Hajira Begum, a 55-year-old woman from Pulwama, and mother of four is not only sceptical about the new land laws but also worried about the future of her children whose livelihood is dependent on their apple orchard.

"There is a process to take our land," says Begum as she packs apples from her orchard along with other family members.

"The way the government has been taking decisions on Kashmir, we cannot trust them. The way Article 370 was abrogated, and seeing how things are happening here, we have every reason to suspect this (change in land laws) decision," she said.

Begum also said that even if the government's claim of agricultural land being safe is true, she fears the laws could be changed tomorrow.

When the government had revoked Article 370 in August 2019, most locals had then said that it was done to bring outsiders into Jammu And Kashmir.

"Now it has actually happened," said Muneer Ahmad, a school teacher from central Kashmir's Budgam.

"The government is trying to garner the support of farmers when they say no agricultural land will be taken away. But they are lying," he adds.

Rohit Kansal, the official spokesperson of Jammu Kashmir administration, however, says that there is no reason for people to fear the new land laws, and assured that these laws will bring development and prosperity in the Valley.

"The new land laws will not only afford protection to over 90 percent of the land in Jammu and Kashmir from being alienated to outsiders but will also help revamp the agriculture sector, foster rapid industrialisation, aid economic growth and create jobs," said Kansal.

But Valley-based RTI activist Raja Muzaffar Bhat disagrees with the government's claims.

"The government's claim that 90 percent of the land is protected is a lie," said Muzzafar.

"There are only two types of land in Jammu and Kashmir. We have either agricultural land or forest land, and both cannot be used for industrial or construction purposes," explains Bhat.

But, at the same time, both types of land are already getting used for these purposes, he claims.

Bhat also warns of crises in the Valley as Jammu and Kashmir has the lowest average per family landholding in the country.
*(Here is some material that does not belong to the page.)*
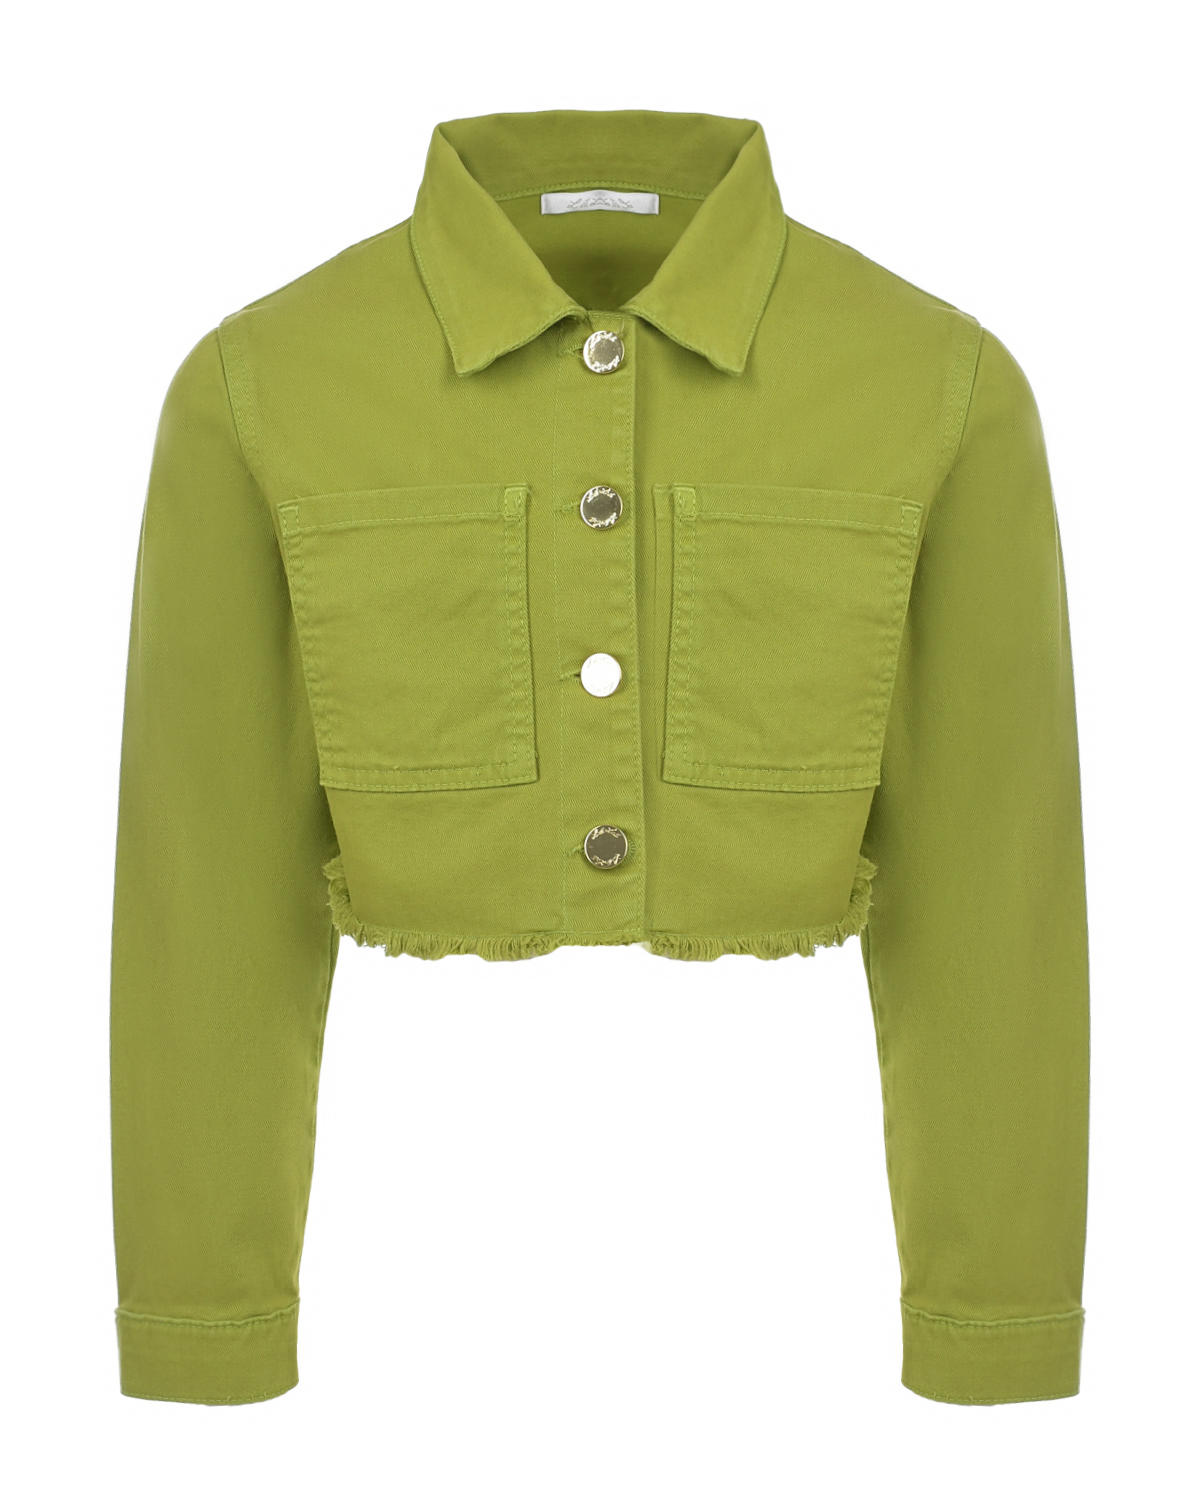 Джинсовая куртка зеленого цвета Miss Grant, размер 128
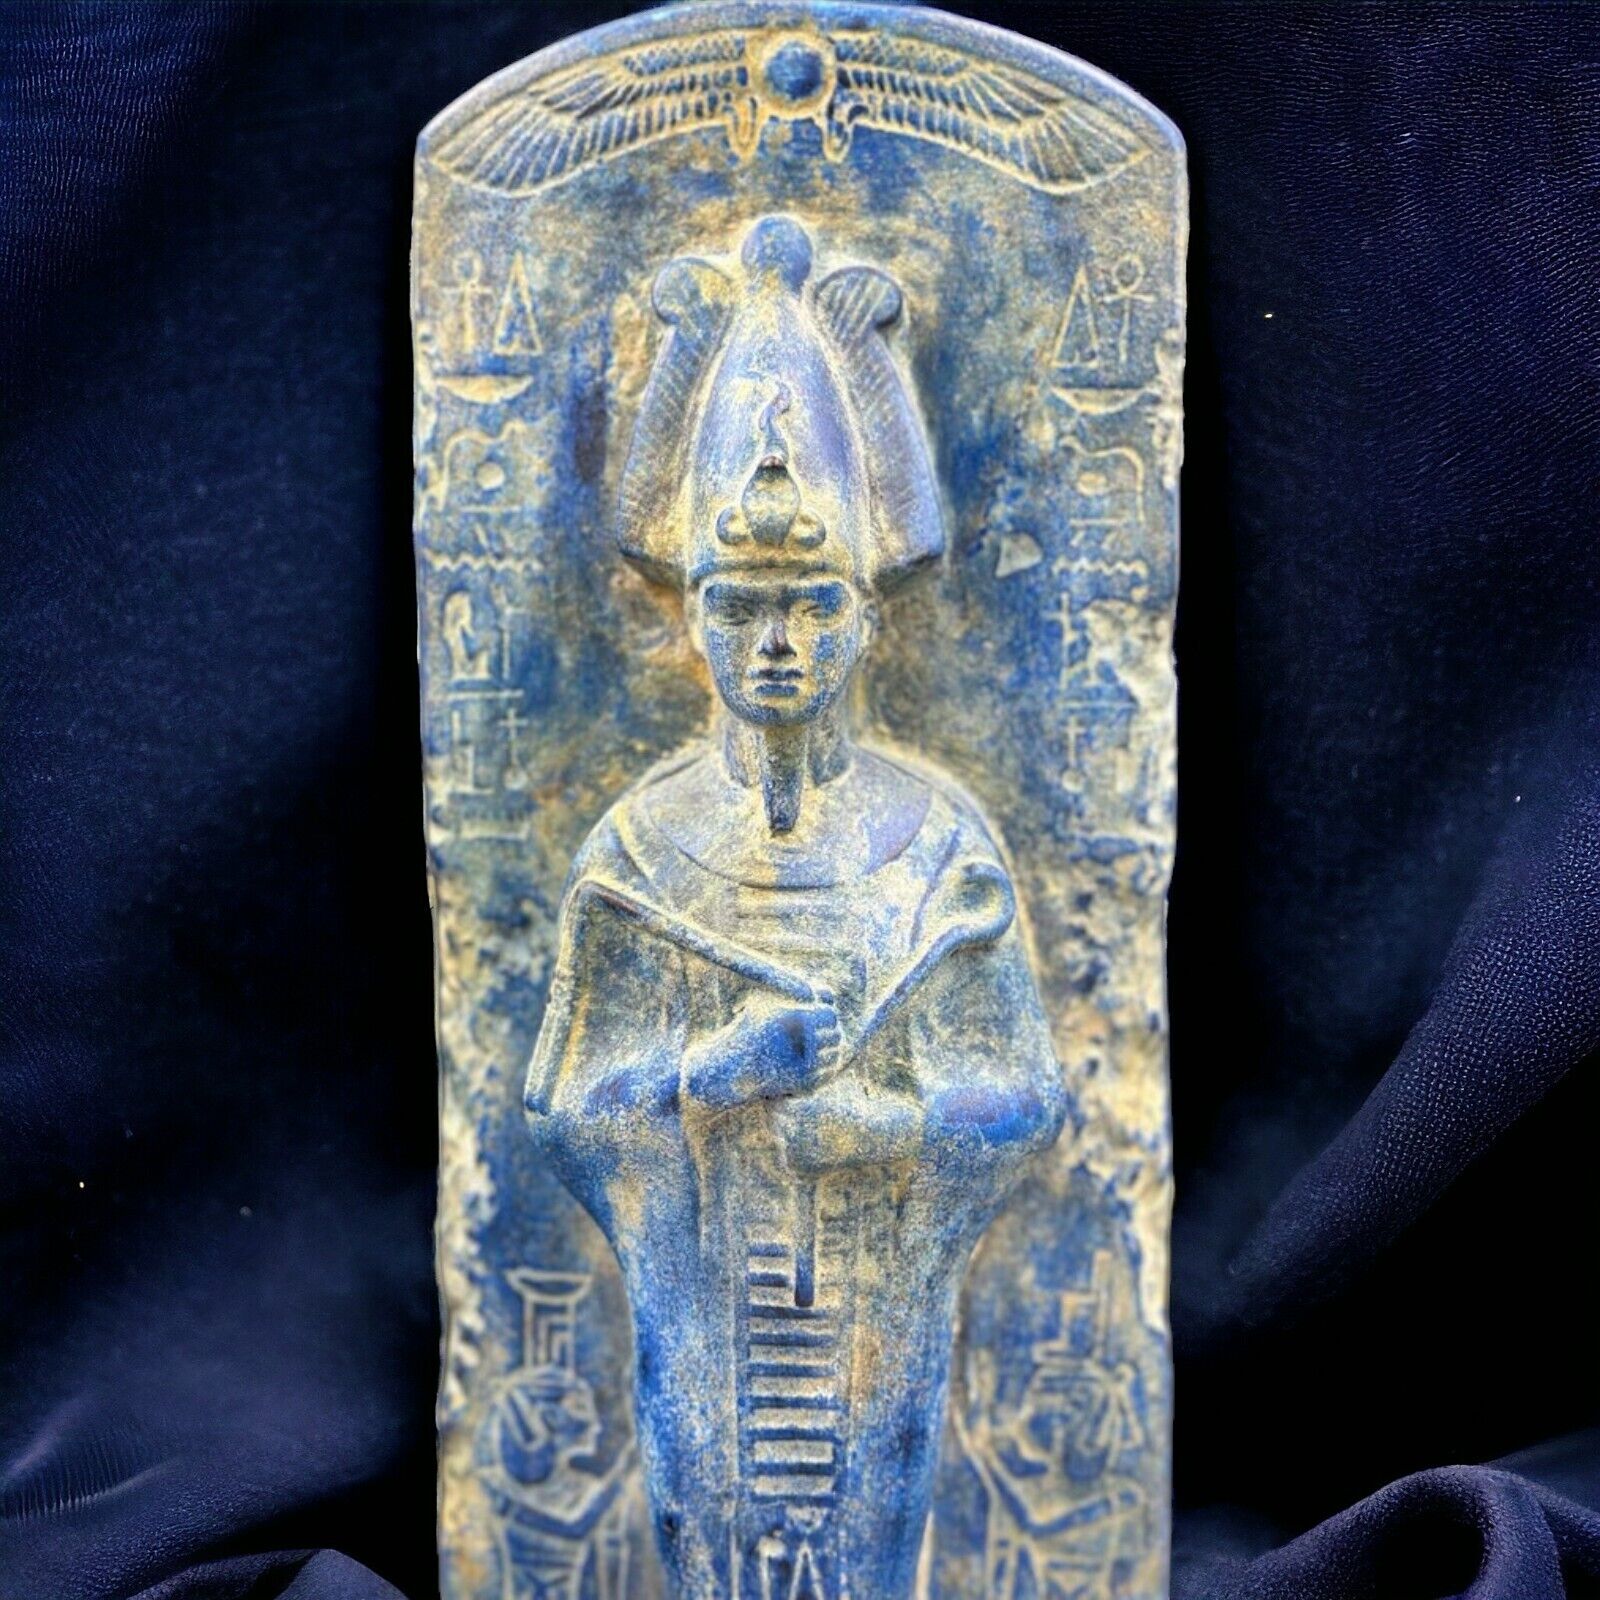 Authentic Osiris Statue - Ancient Egyptian God of the Underworld, Finest Stone

He believes that the UT administration should go for a sustainable development approach in Kashmir rather than allowing big industries.

"Instead of making laws which would give legal protection to land, they are making laws which will destroy our land," said Bhat.

The UT administration has maintained the concerns of local people will be taken care of, however, Manoj Sinha, Lieutenant Governor, Jammu and Kashmir, said, "Like the rest of the country, we want good industries to come here so that there will be progress, development, and employment."

J&K spokesperson Kansal said that the new land laws have "adequate protection" against alienation of land to outsiders. "A number of protections have been built into the new laws on similar lines as has been enacted in other states such as Himachal Pradesh and Uttarakhand," he said.

According to him, no agricultural land can be transferred to any person from outside the UT of Jammu and Kashmir but can be only sold to an agriculturist from within Jammu and Kashmir. Second, no agricultural land will be used for non-agricultural purposes.

Another worrying part of the new land laws, locals said, is that they allow the army to declare any land as strategic and acquire it.

But Kansal told that Section 3 (of the J&K Development Act on Strategic Areas) has nothing to do with the transfer of any land to the armed forces.

He said, "The transfer, both acquisition and requisitions will continue to be governed by the existing laws and norms on the subject."